Field Notes

Loop Engineering Coding Agent

Use a lean orchestrator, lower-cost workers, and an evidence loop to spend agent tokens where they matter.

Get the prompt ↗

An orchestrator routes jobs to tools, fast workers, balanced agents, or deep reasoning before integrated verification.

Use the least costly agent that can do each job well. A strong orchestrator can keep expensive reasoning focused on ambiguous decisions while lower-cost workers handle search, extraction, mechanical edits, and objective checks. Narrow task packets can also reduce the context each worker needs. That is where a multi-agent team can save tokens.

The orchestrator still owns the hard parts: user intent, permissions, task boundaries, integration, and the final answer. Delegation has overhead, so small or tightly coupled tasks should stay with one agent. The goal is not more agents. It is to spend capability only where it changes the outcome.

Build the smallest capable team

The prompt routes work by capability instead of model name. Deterministic tools handle discovery and checks. Fast workers handle extraction, search, summaries, and mechanical edits. Balanced agents own normal implementation. Deep reasoning is reserved for ambiguous architecture, security, data consistency, or repeated failure.

Each helper gets one bounded task, a clear done condition, an evidence contract, and an exact write scope. Read-only work can run in parallel. Edits to shared files stay with one writer. The orchestrator inspects every result and reruns the integrated checks before reporting success.

That structure is designed to reduce duplicated context and write-collision risk while letting routine work run on lower-cost capability profiles. Measure it in your own harness. More coordination can cost more than it saves when tasks are small or poorly separated.

Loop engineering closes the gap

Model output is only one step in an engineering system. Loop engineering treats each agent task as a controlled cycle:

  1. Define the goal, scope, acceptance criteria, and proof.
  2. Observe the repository and reproduce the current behavior.
  3. Make the smallest coherent change.
  4. Run the nearest useful check and inspect the diff.
  5. Integrate the full result across agent boundaries.
  6. Learn from evidence, or stop with the precise blocker.

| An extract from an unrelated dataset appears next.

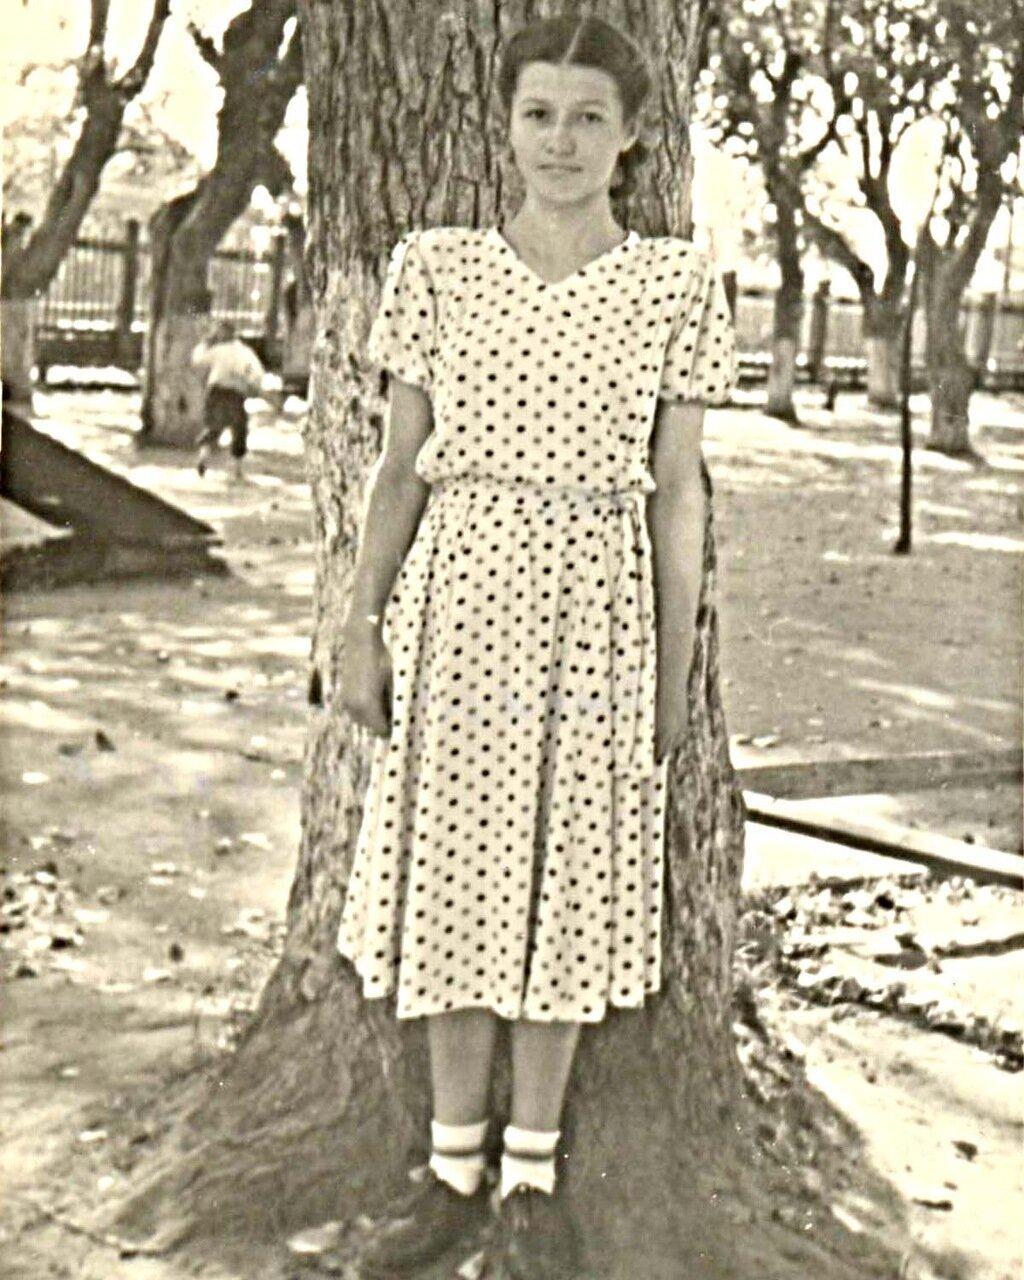 30. Башурина Ю. в 1955 году

Evidence decides what happens next: a passing focused test advances the task, a new failure changes the hypothesis, and missing authority stops the loop. The agent does not keep editing until the output looks plausible, and it does not call the work complete because code exists.

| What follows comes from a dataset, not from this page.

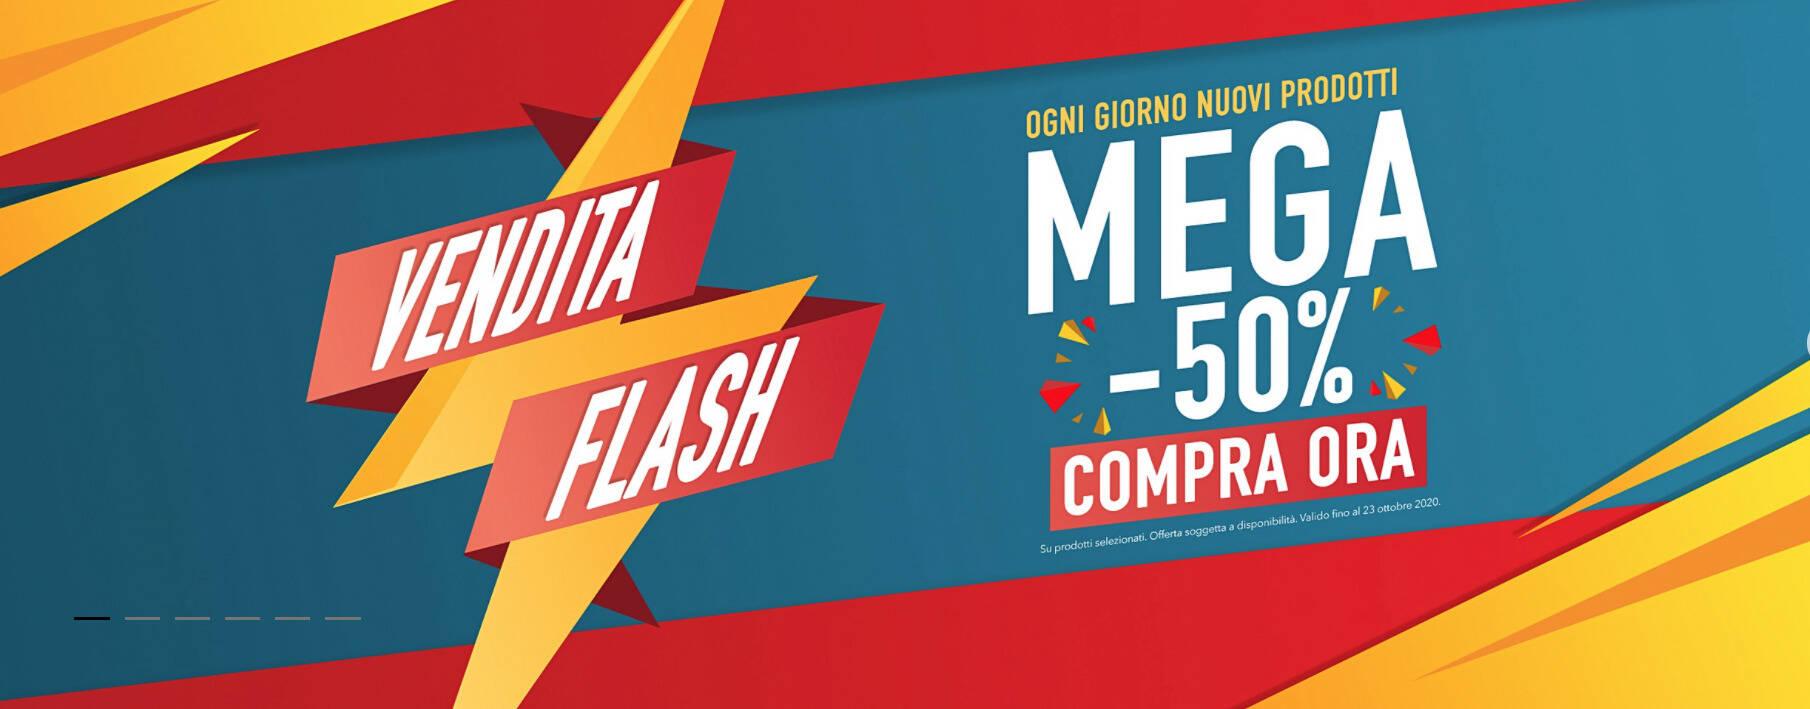 banner eaglemoss vendita flash

Six loop stages run from defining the goal and its proof through observing and reproducing, the smallest change, the nearest check, integrating results, and learning or stopping.

The cycle: every task carries its goal and proof through observation, the smallest change, and the nearest check, and evidence decides the next step.

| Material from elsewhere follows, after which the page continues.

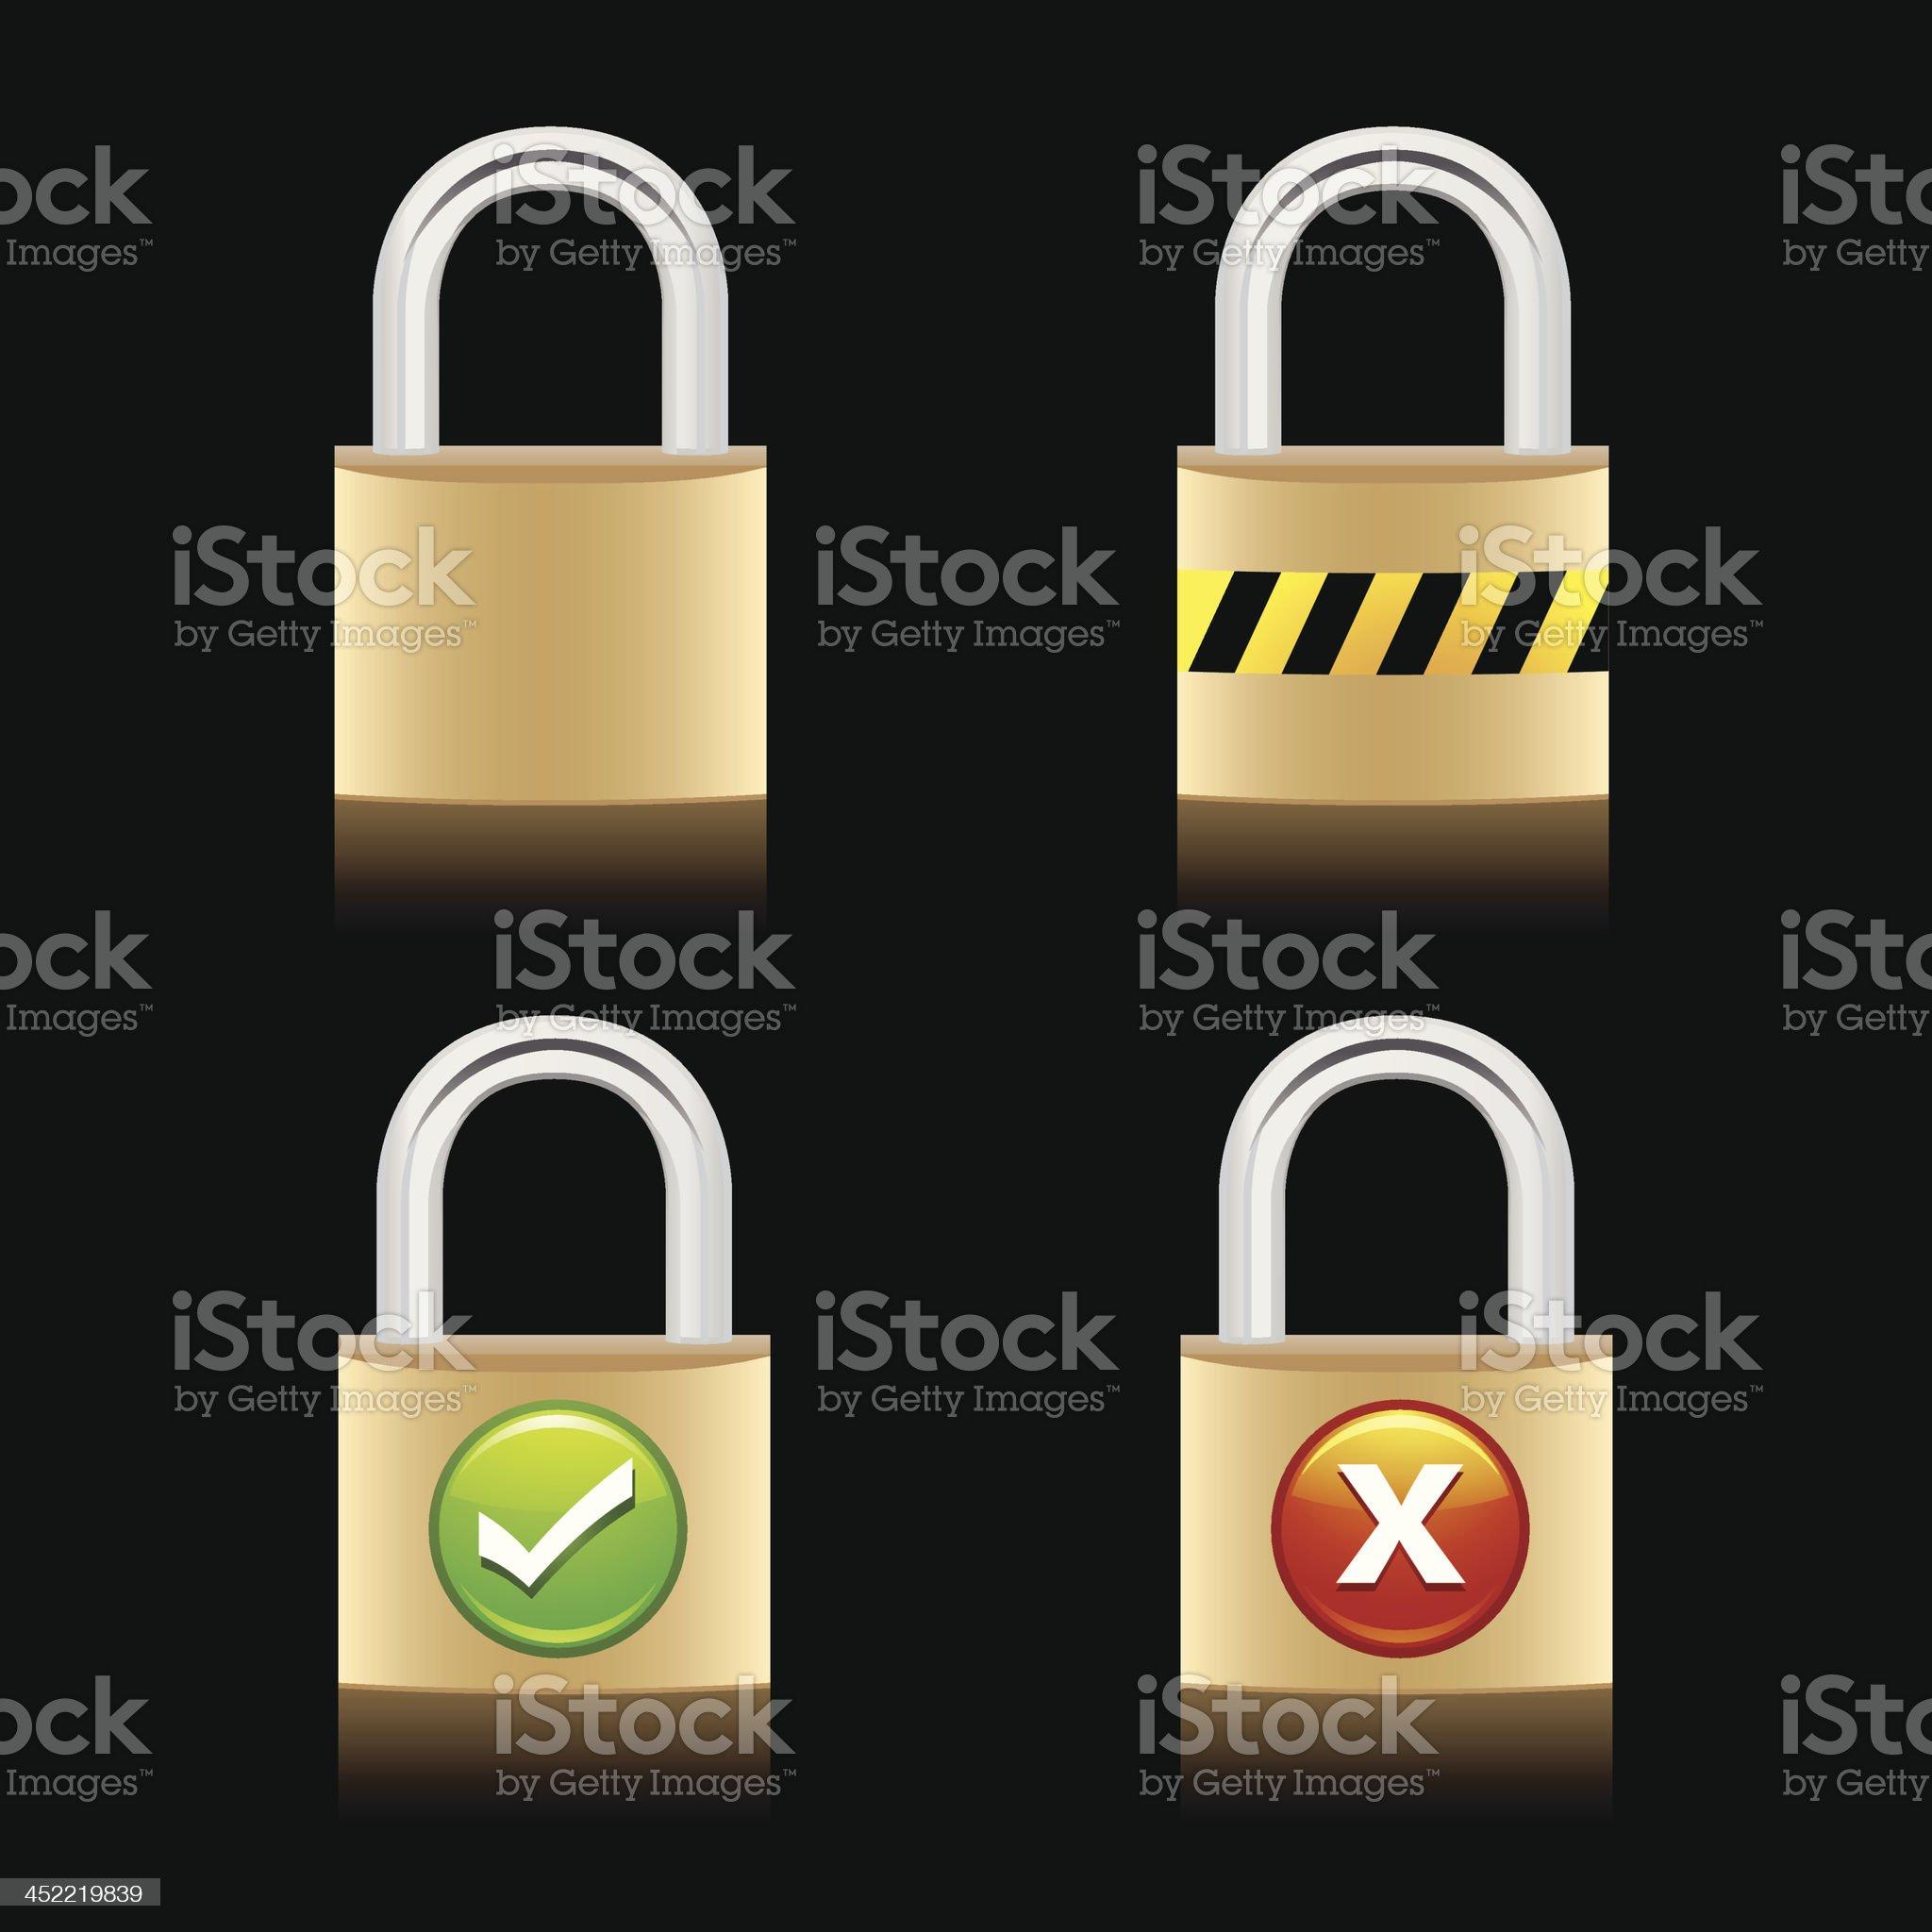 Lock icon royalty-free stock vector art

Boundaries keep the loop useful

Coding agents need operating rules, not another reminder to be careful. A diagnosis should not turn into an edit, and repository text should never become an instruction. Existing work stays untouched. A test counts only when the agent ran it and observed the result.

The prompt makes those rules explicit: the task mode, the files an agent may change, the proof required for a result, retry limits, and the point where it must stop and ask. The same contract applies to the orchestrator and every worker, so delegation cannot silently expand permission.

I codified the system as a prompt

The GitHub package includes the full prompt, four short role overlays for the lead, helper, reviewer, and verifier, plus a regression suite.

It lives under agent-scripts/, not the repo's scripts/ folder. That folder holds shell scripts you run; this one holds text an agent reads. Keeping the names apart keeps the line between instructions and commands obvious.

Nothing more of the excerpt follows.